If you want to teach your kids a few things about astronomy or optics during the day without spending a lot of money, then this web page is for you.

I've enjoyed teaching my kids the names of a few constellations, and setting up a telescope for them occasionally, but if you've tried this you know it's hard to do without keeping them up late in the summer, or freezing them to death in the winter.  I was looking for something to do with them during the day, and I thought of looking at sunspots, eclipses, and the like.  There are only a few ways to view the solar disk safely, and most are either kind of expensive or very low quality.  What I've come up with seems inexpensive and of at least moderate quality.  Here are the methods of solar observation I could think of:

• Direct viewing with a filter
• This would be very inexpensive, but I discussed it with a guy at a telescope store, and he said "You really don't want to teach your 3 year old to look at the sun, even through a filter" and that killed it.  I decided I didn't really want to use anything that involved even looking toward the sun.
• Solar filter for my telescope
• Not too expensive, but looking through the telescope at the sun without a filter will blind you in a fraction of a second.  So, it doesn't pass the "don't teach them to look at the sun" test.
• Solar projection through my telescope
• Not too expensive, but has the potential to heat the eyepiece.  Some of my eyepieces cost $200, so this seemed like a bad idea, too.
• Pin hole projection
• I tried this a few times with solar eclipses, but I've never gotten decent results, maybe I'm just not doing it right, but I think it just doesn't work very well.
• A Sunspotter projection telescope
• This is a really beautiful product that is as safe as can be (no looking toward the sun) and makes a lot of sense.  If you have money but not time, this is what I'd get.  On the other hand, it runs about $300, and that's a bit much for this project, so I thought, what if built something myself?
• A Solarscope projection telescope
• This is another solar projection scope I found about after I built mine, much cheaper than the Sunspotter (not as nice, though).  At around $60, it’s in the range I was considering, but I still think it was more fun to build my own, and cheaper, and I think the Solarscope has slightly more potential for unsafe use than my design.

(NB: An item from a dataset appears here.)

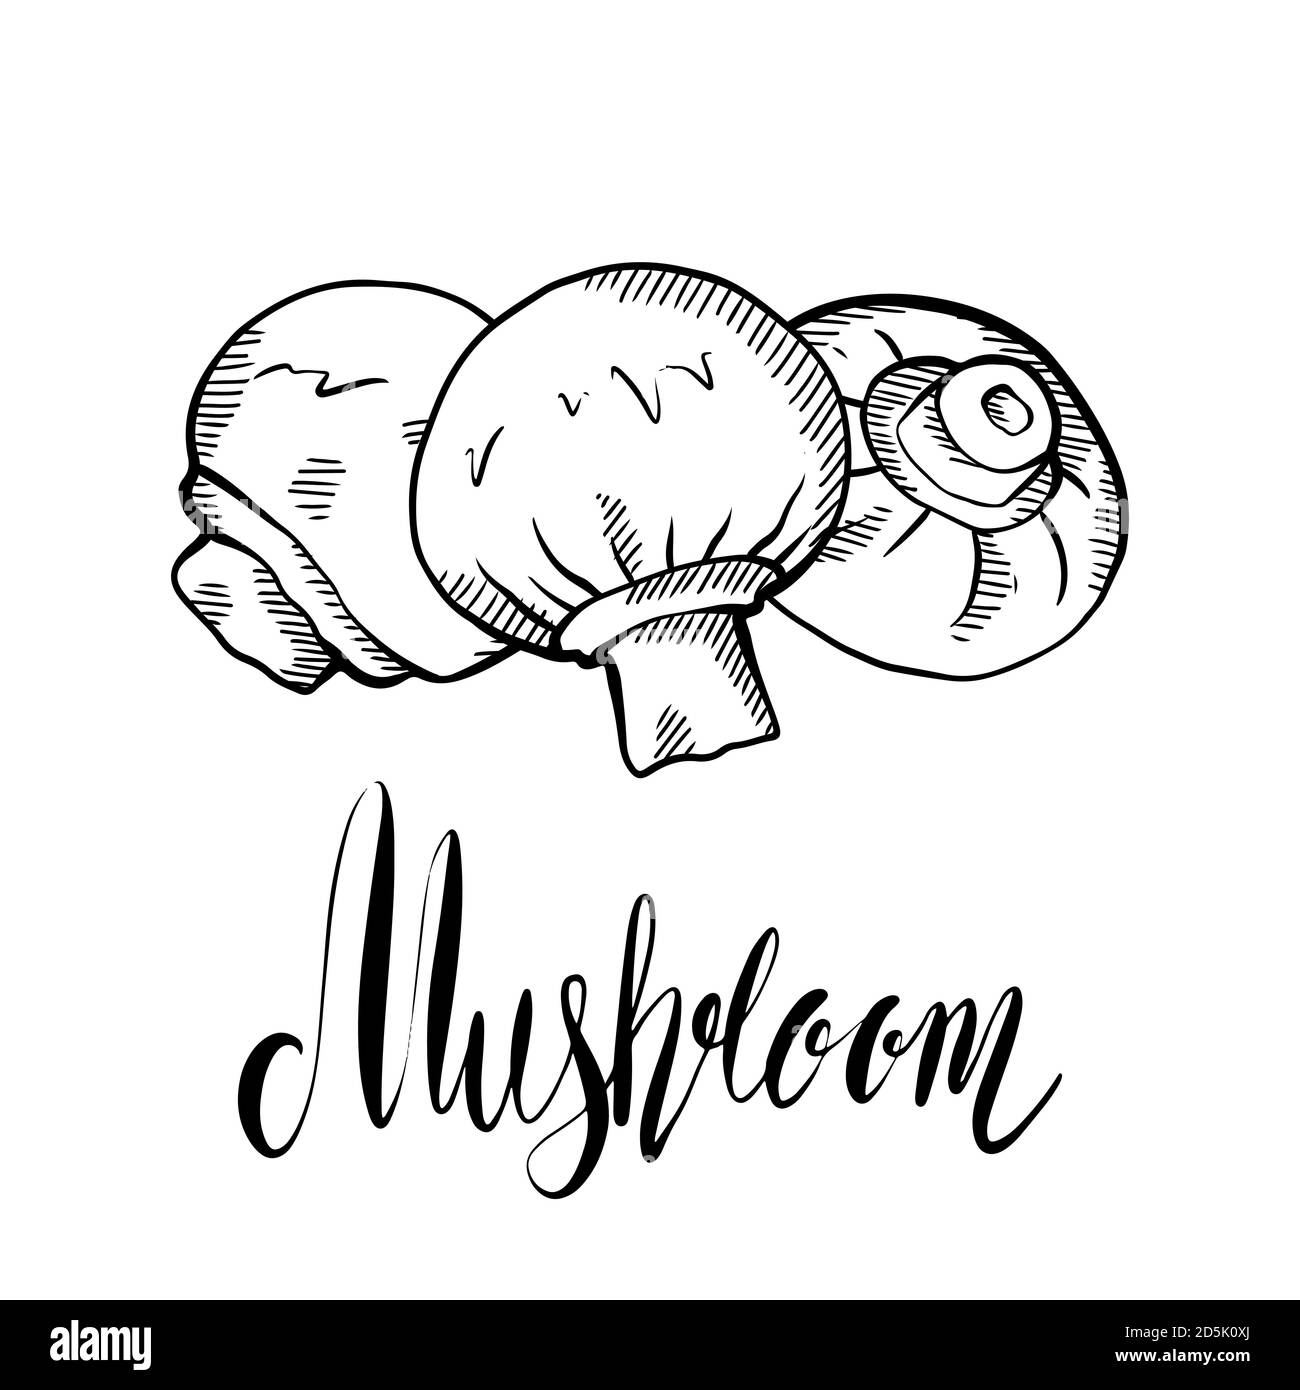 Schizzo illustrazione disegnata a mano di funghi champignon con schiusa e scritta. Cibo sano naturale e calligrafia citazione. Vettore scribble elemen Illustrazione Vettoriale

What I built was a very simple projection telescope that works well enough to see sunspots, only cost about $20, and was easy enough to assemble in one evening.  I was so pleased with the result, I thought I should share it with others, hence this web page.  Time for the disclaimer:

SAFETY DISCLAIMER:  Looking at the sun can cause blindness.  Looking at the sun through a telescope can cause blindness almost instantly.  Anything you do with this design that burns a hole in anything at all, including your eye, is not my fault.  The whole point of this design is to prevent anyone from looking through the telescope at the sun, or even toward the sun.

Several different optics professors told me "you can build a telescope out of just about any two lenses."  So, I thought I'd give that theory a test and ordered a set of lenses from Edmund Scientifics (item number 30404-14). Since they were out of stock last time I checked, these guys seem to have the same thing.  I also ordered a couple of the Edmund books on telescopes and optics which were inexpensive, but only moderately helpful.  I did get some good ideas from them though, as you'll see.  These lenses are 50mm diameter (about 2 in.) and there are three positive (convex) and three negative (concave) lenses.  When you're building a telescope there are two basic approaches:  two positive lenses, or a positive and a negative.  The objective lens (the one that goes toward what you're looking at) is the one with the longer focal length (which is a "weaker" lens) and the eyepiece lens (the one you put your eye up to) is the one with the shorter focal length (which is the "stronger" lens).

If you want to build a telescope to look through with your eye (obviously not for solar viewing unless you have a filter), the equations are really simple.  You need to space the lenses as far apart as the sum of their focal lengths (even if one is negative), and the magnification is just the ratio of the focal lengths

 

 ().  These formulas seem to display well in Internet Explorer, but not in Netscape.  Sorry about that.

 

You can ignore the sign on the magnification. If you use two positive lenses, it's called an "astronomical telescope" design and it has an inverted image.  If you use a positive objective lens and a negative eyepiece lens, it's called a "Galilean telescope" design, and it has an upright image.  With a negative focal length, the lens spacing is shorter, and the field of view is narrower.  I chose a Galilean design because I wanted the whole thing to be shorter, and the sun isn't very wide.  Inverted image or not isn't very important, since nothing in space seems upside down when you look at it.  I'll get into the math more later in case you want to modify my design, but this is about all I knew when I started.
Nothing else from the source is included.